Everything in the data gets repeated exactly, except for the pictures.

[Supplied data — start]

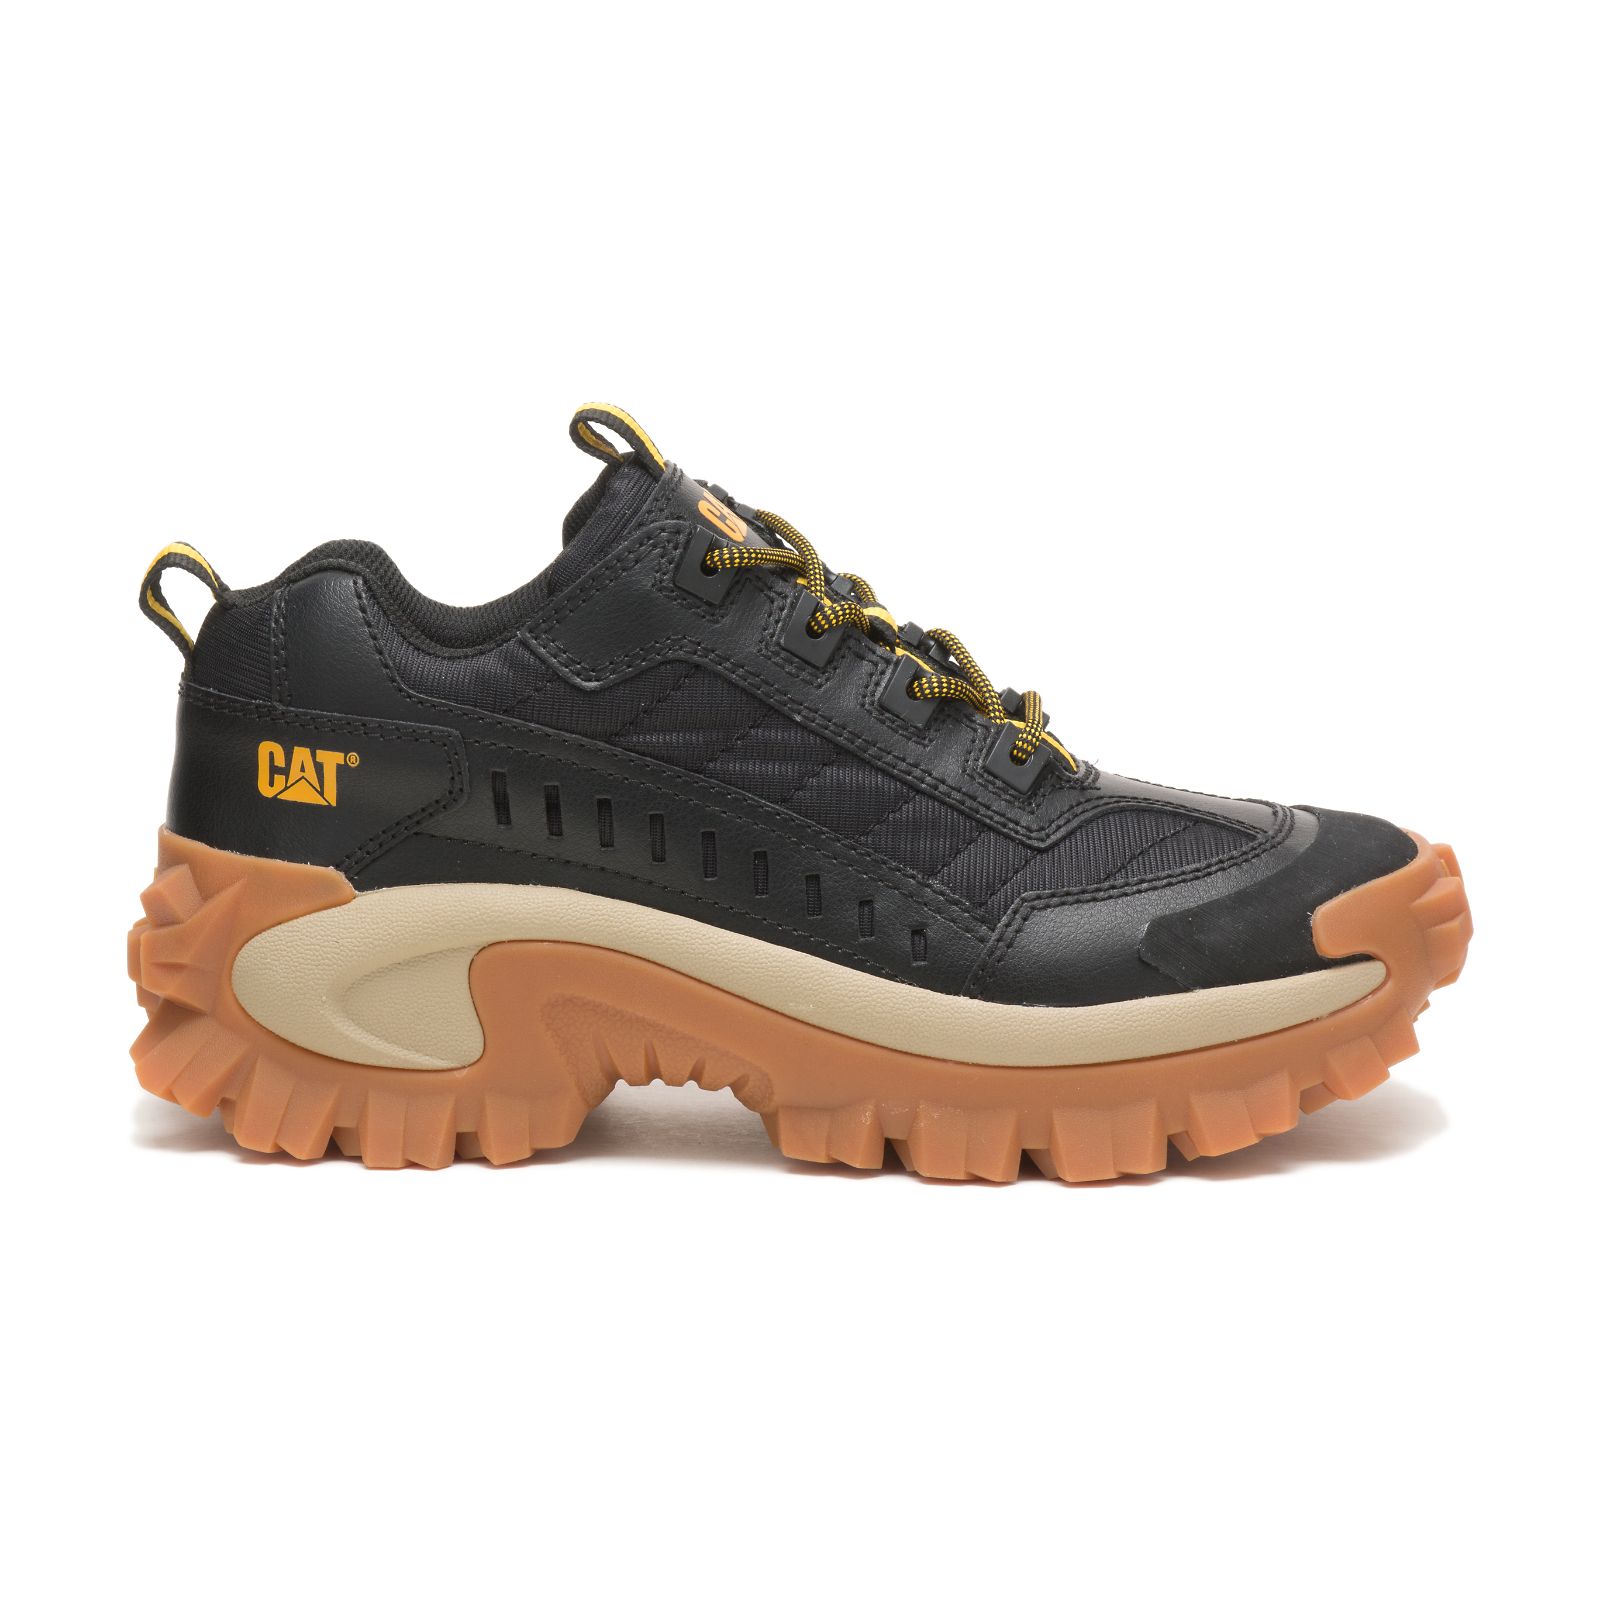 Caterpillar Intruder Philippines - Mens Casual Shoes - Black 89106SHUM
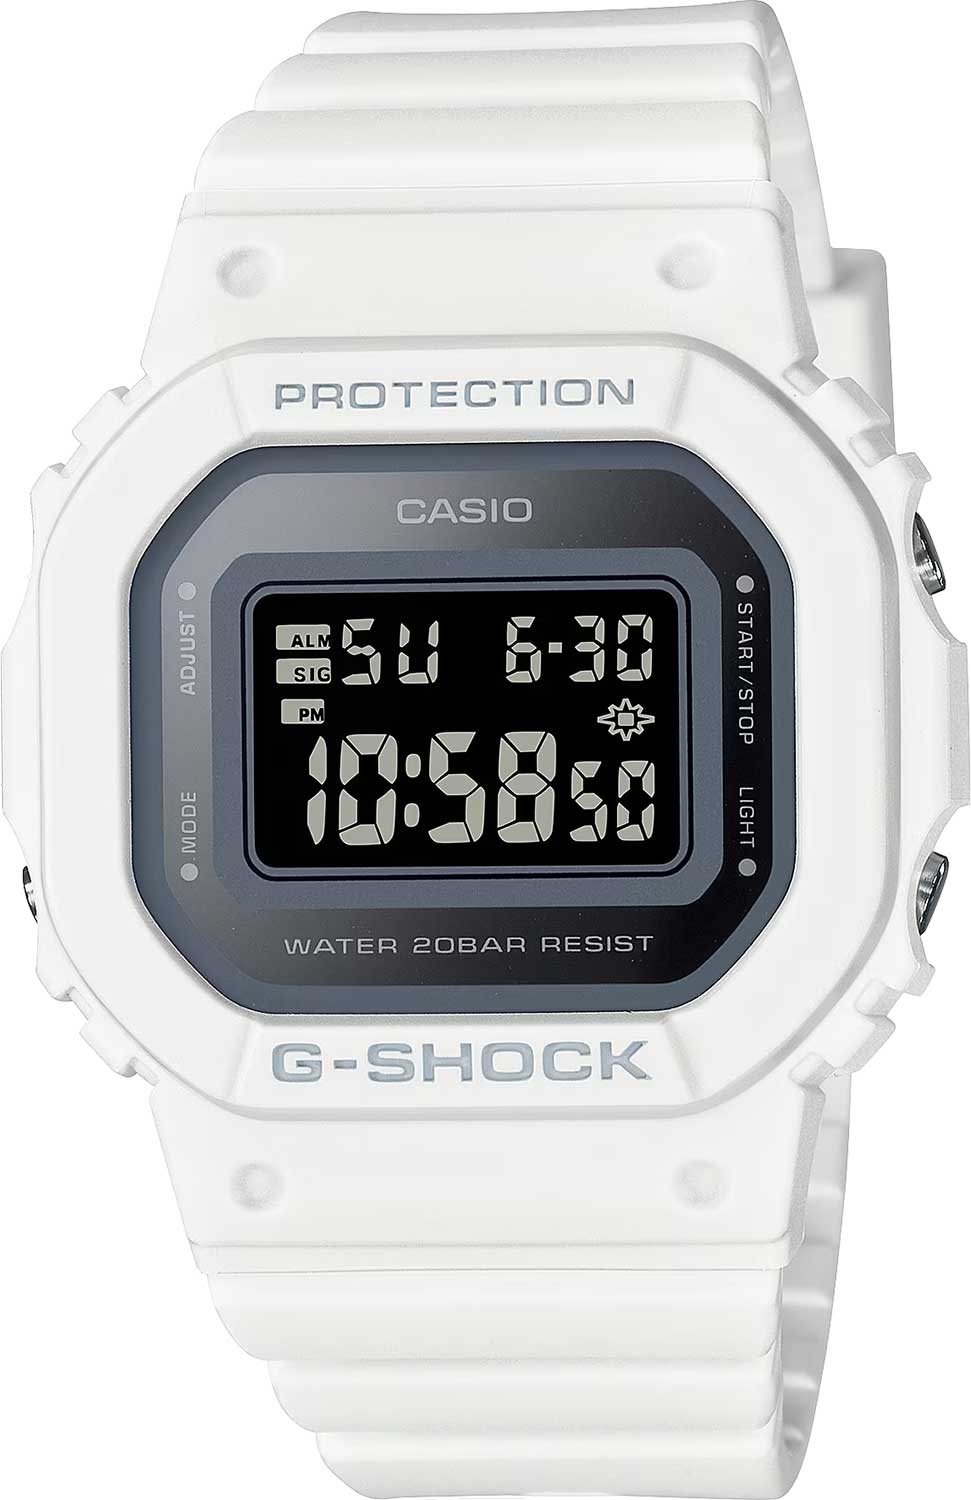    Casio G-SHOCK GMD-S5600-7  
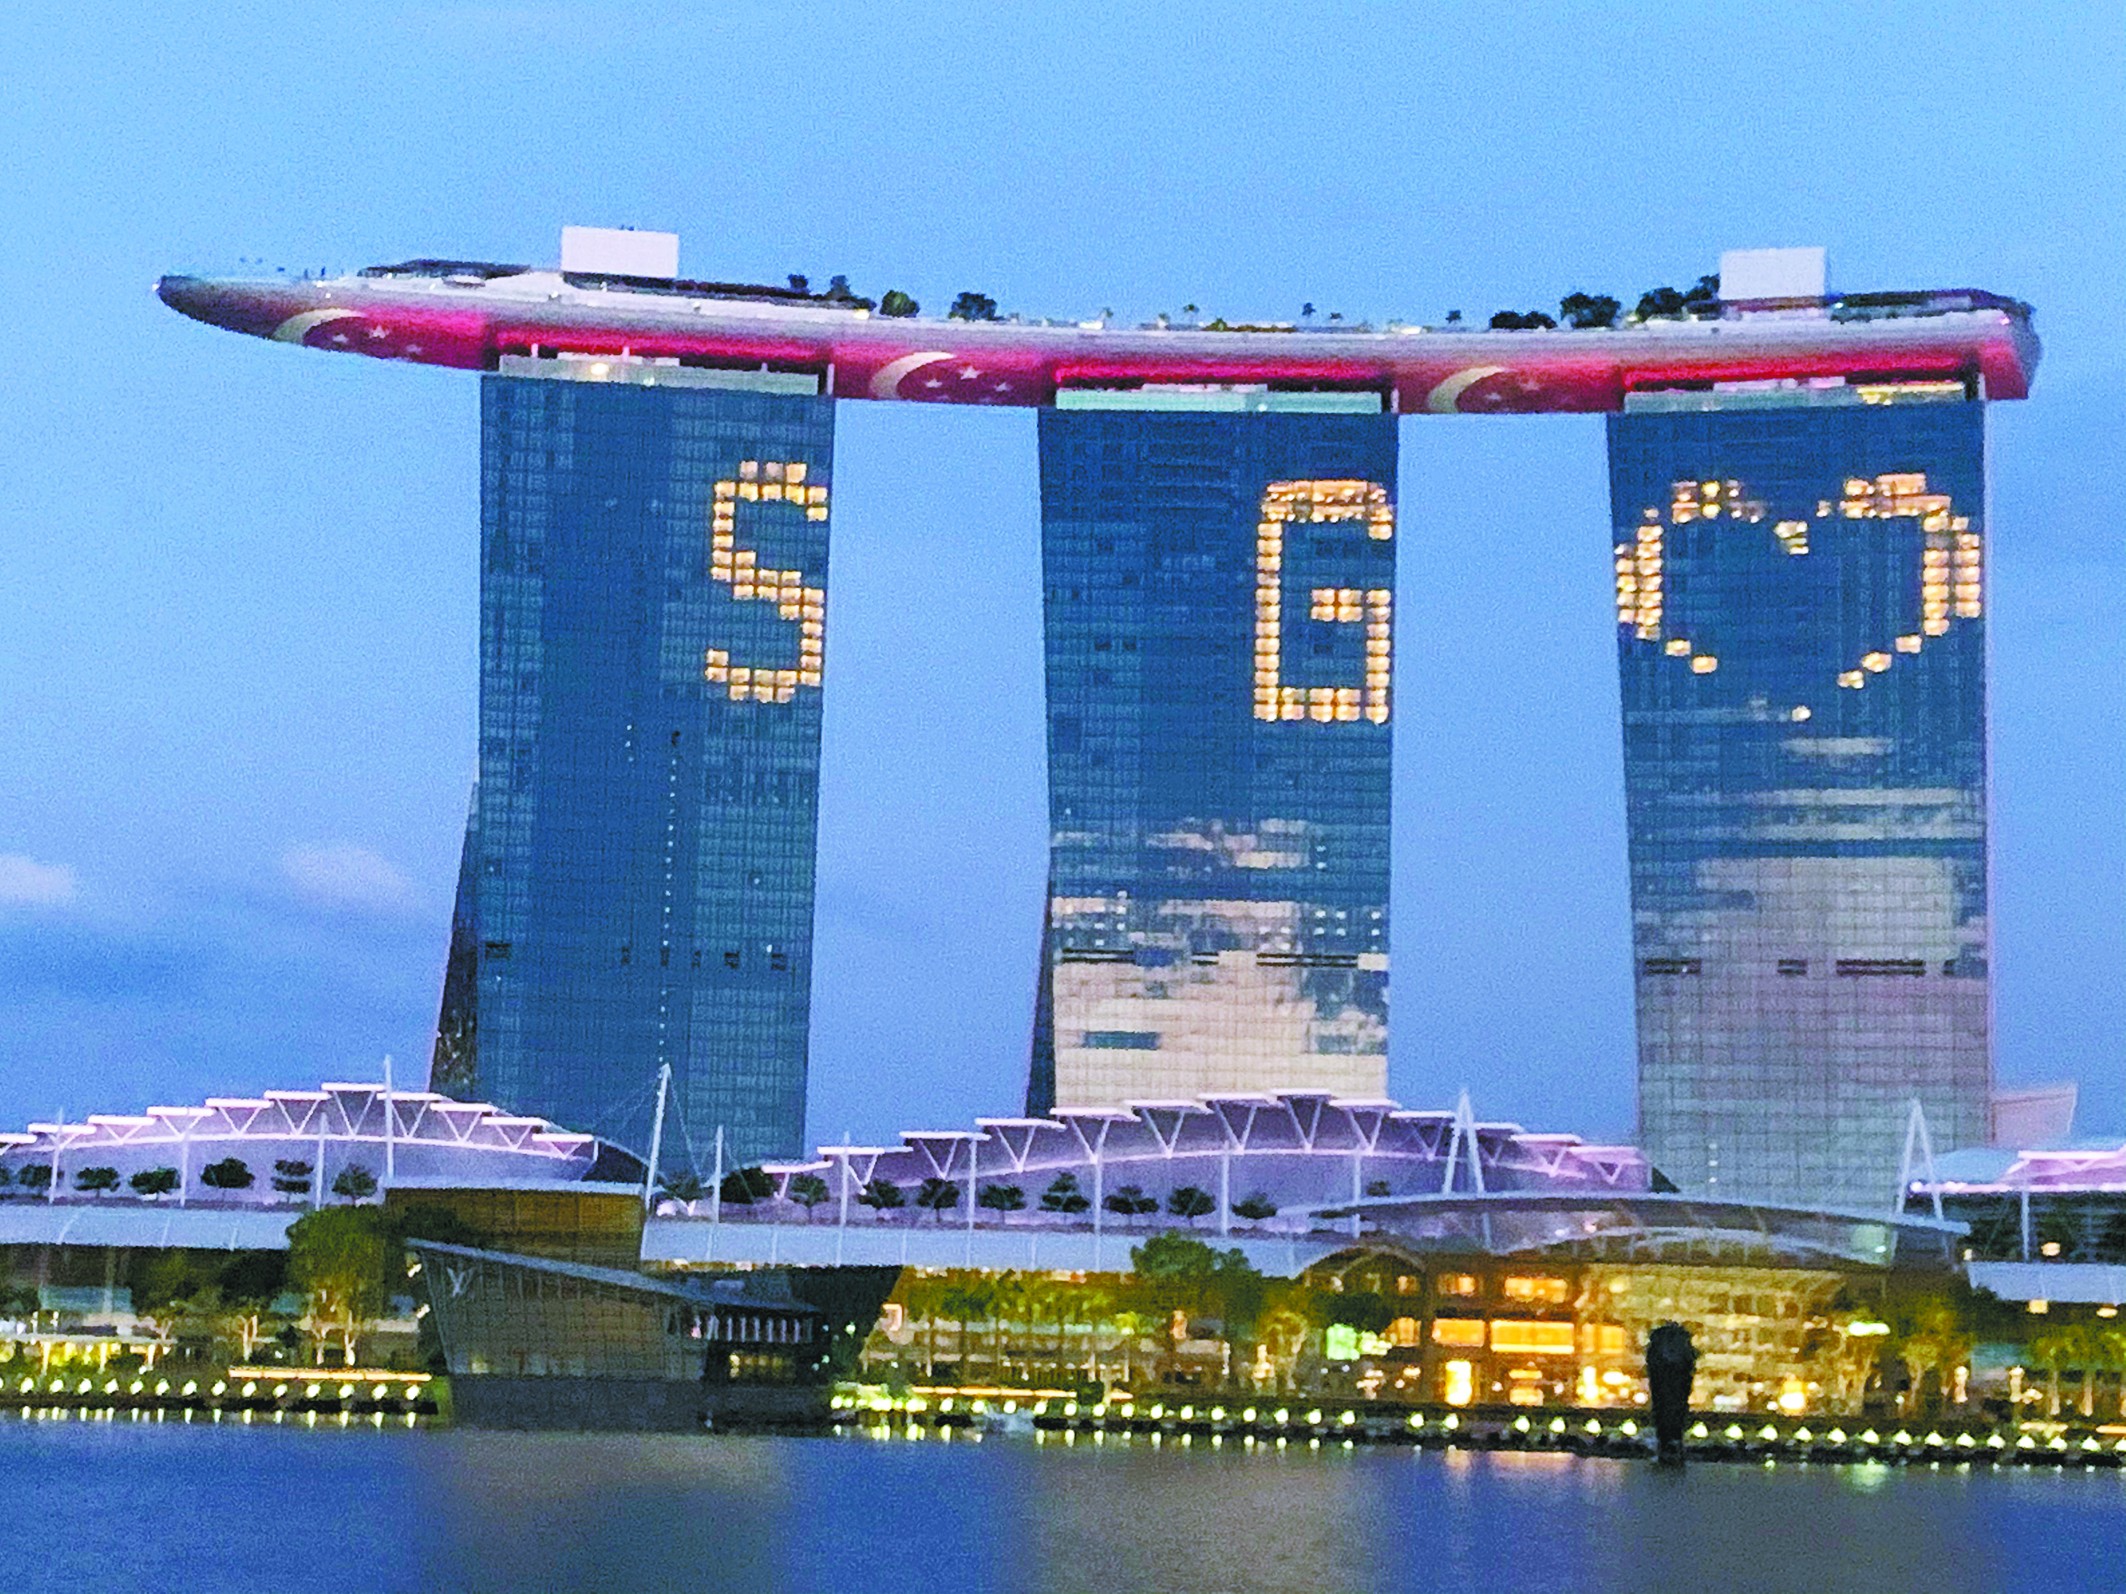 金沙娱城乐app下载新加坡金沙综合娱乐城亮灯抗疫

[Supplied data — finish]

◆ **Task response**
 Caterpillar Intruder Philippines - Mens Casual Shoes - Black 89106SHUM
    Casio G-SHOCK GMD-S5600-7  
 金沙娱城乐app下载新加坡金沙综合娱乐城亮灯抗疫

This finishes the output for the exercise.